Leonov, 84, left Russia Feb. 6 for medical treatment, his wife said Tuesday. The fund also employs Vadim Bakatin, the last head of the Soviet KGB, as an adviser.
Baring Vostok pioneered a “hands-on” approach, getting close enough to companies that they could detect and avert difficult situations early, according to Tom Adshead, chief operating officer at Moscow-based consultancy Macro Advisory.
“We all view Baring as an example of a company that if you’re smart, do your research, play by the rules, you don’t need to worry about this kind of thing,’’ Adshead said.
For years, the strategy proved a winning one. Baring Vostok has raised $3.7 billion in total capital since it was founded, according to the company website, generating returns of more than $2 billion.
Calvey’s legal troubles stem from a dispute with other shareholders at Bank Vostochny Express, a consumer lender that the fund bought a stake in almost a decade ago in a bet on the rising retail market. The bank ran into trouble in recent years as the economy fell into recession and was merged with one owned by Artem Avetisyan, a Russian investor known for ties to the security services.

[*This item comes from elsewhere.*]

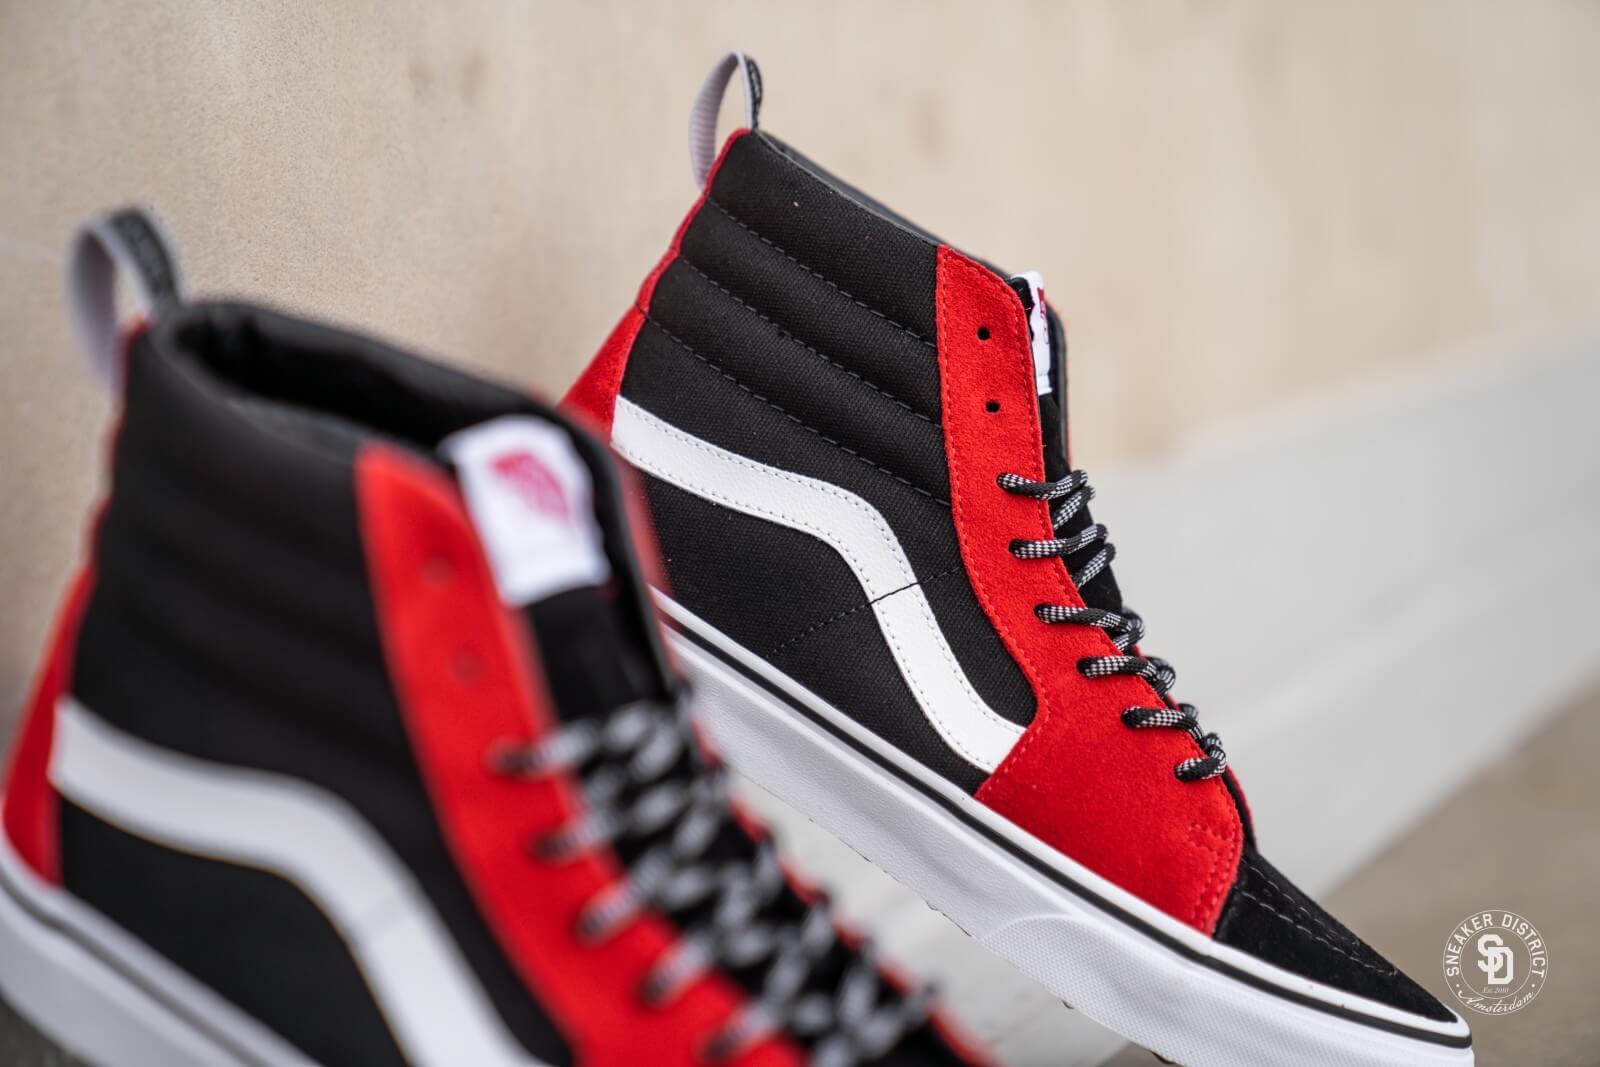 Vans Sk8-Hi Otw Webbing Red/Black-White

When the central bank late last year ordered the bank to come up with more capital to cover its weak loan portfolio, Calvey’s fund and the other shareholders couldn’t agree on who would put in the equity. Baring Vostok sued the others in London, accusing them of stripping assets from the bank they contributed to the merger. Avetisyan didn’t respond to requests for comment.
Calvey and three other Baring Vostok employees, as well as two others, were detained Friday. The case is being handled by the Federal Security Service, the main successor to the KGB.
Boris Titov, the Kremlin business ombudsmen, said the case clearly should have been heard in civil, not criminal court, but in Russia, police and prosecutors frequently become involved in such disputes. “This is a systemic problem,” Titov wrote in a commentary in the Vedomosti newspaper Monday.
Others suggested the conflict could also have been worsened by the deepening chill in U.S.-Russia relations, an allegation the Kremlin denied.
“The guys from Baring Vostok probably thought, ‘This wouldn’t happen to us, we’re about business, not politics,’” opposition politician Alexey Navalny, who says he had been placed under arrest repeatedly by the same judge who sent Calvey behind bars, tweeted at the weekend. “I’m not gloating, it’s just important to understand that everyone and everything is about politics now.”